Input index `i` maps to binary `[x_0, x_1, ..., x_{n-1}]` where `x_j = (i >> j) & 1`:

```
Index 5 (binary 101) → [1, 0, 1] (LSB first)
```

**Rationale**: Matches standard Fourier indexing where subset S corresponds to bits set in index.

### 3. Plus-Minus vs Boolean Space

Fourier analysis uses {-1, +1} internally (plus_minus_cube) but accepts {0, 1} inputs:

```python
f = bf.create([0, 1, 1, 0])  # {0,1} input
f.fourier()  # Internally converts: 0→+1, 1→-1
```

**Rationale**: Fourier theory is cleaner in ±1 space (characters are χ_S(x) = ∏_{i∈S} x_i).

### 4. Error Models

Support for uncertainty quantification:

```python
f = bf.create(data, error_model=bf.PACErrorModel(epsilon=0.1))
```

**Rationale**: Enables PAC learning and property testing with rigorous error bounds.

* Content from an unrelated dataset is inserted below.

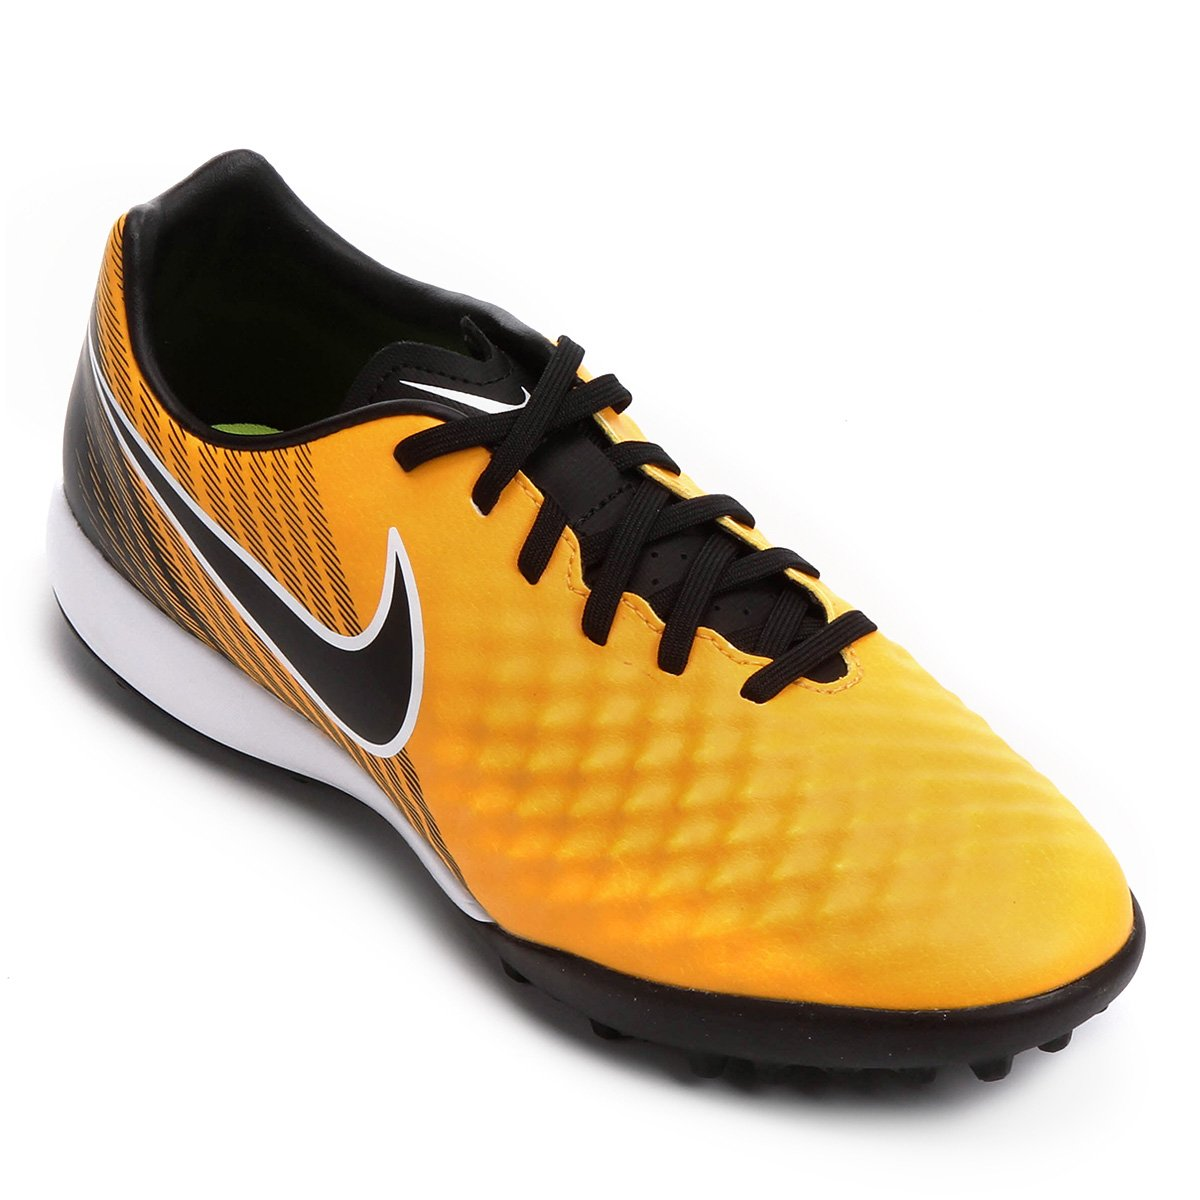 Chuteira Society Nike Magista Onda II TF - Laranja e Preto - Compre ... a1220393b7c1c

### 5. Extensibility via Registry

New representations can be added without modifying core:

```python
@register_strategy("my_custom_rep")
class MyRepresentation(BooleanFunctionRepresentation):
    ...
```

**Rationale**: Research often requires custom representations (e.g., for specific function families).

## Data Flow Example

```
User: bf.create(lambda x: x[0] ^ x[1], n=2)
  ↓
Factory.from_callable()
  → stores callable in representations["function"]
  → returns BooleanFunction

User: f.fourier()
  ↓
BooleanFunction.get_representation("fourier_expansion")
  → not in cache
  → ConversionGraph.find_optimal_path("function", "fourier_expansion")
  → routes through hub: function → truth_table → fourier_expansion
  → executes conversions, caches results
  → returns Fourier coefficients
```

## Module Dependencies

```
api.py
  └── core/
       ├── base.py (BooleanFunction)
       ├── factory.py
       ├── builtins.py
       ├── conversion_graph.py (hub-and-spoke dispatch)
       ├── spaces.py (Space, Measure)
       ├── io.py (load/save)
       ├── adapters.py (adapt_callable for large-n oracles)
       ├── gpu.py (CuPy acceleration)
       ├── optimizations.py (NumPy/Numba/pyfwht backend selection)
       ├── numba_optimizations.py (JIT-compiled hot paths)
       ├── batch_processing.py (BatchProcessorManager)
       ├── auto_representation.py (recommend_representation)
       ├── errormodels.py (PACErrorModel)
       └── representations/
            ├── registry.py (STRATEGY_REGISTRY)
            ├── truth_table.py, packed_truth_table.py, sparse_truth_table.py
            ├── fourier_expansion.py, anf_form.py, polynomial.py
            ├── dnf_form.py, cnf_form.py, bdd.py, circuit.py
            ├── symbolic.py, ltf.py, distribution.py
            └── base.py (BooleanFunctionRepresentation)

analysis/
  ├── __init__.py (SpectralAnalyzer, PropertyTester)
  ├── fourier.py, sensitivity.py, block_sensitivity.py
  ├── complexity.py, query_complexity.py, certificates.py
  ├── decision_trees.py, huang.py
  ├── hypercontractivity.py, global_hypercontractivity.py
  ├── p_biased.py, sampling.py, learning.py, pac_learning.py
  ├── cryptographic.py, gaussian.py, invariance.py
  ├── arrow.py, fkn.py, communication_complexity.py
  ├── ltf_analysis.py, restrictions.py, symmetry.py
  └── sparsity.py, canalization.py, equivalence.py, gf2.py, basic_properties.py

families/
  ├── base.py (FunctionFamily, InductiveFamily)
  ├── builtins.py (MajorityFamily, ParityFamily, ...)
  ├── tracker.py (GrowthTracker)
  └── theoretical.py

visualization/
  ├── decision_tree.py, decision_tree_export.py
  ├── growth_plots.py, interactive.py
  └── animation.py, latex_export.py, widgets.py
```

## Performance Considerations

- **n ≤ 14**: Dense truth tables, exact algorithms
- **14 < n ≤ 20**: Packed truth tables, still tractable
- **n > 20**: Sampling-based methods, oracle access
- **n ≥ 64**: Integer overflow protection (use bit-array sampling)

Numba JIT compilation and pyfwht are used for hot paths when available. See [performance.md](performance.md) for benchmarks and optimization tiers.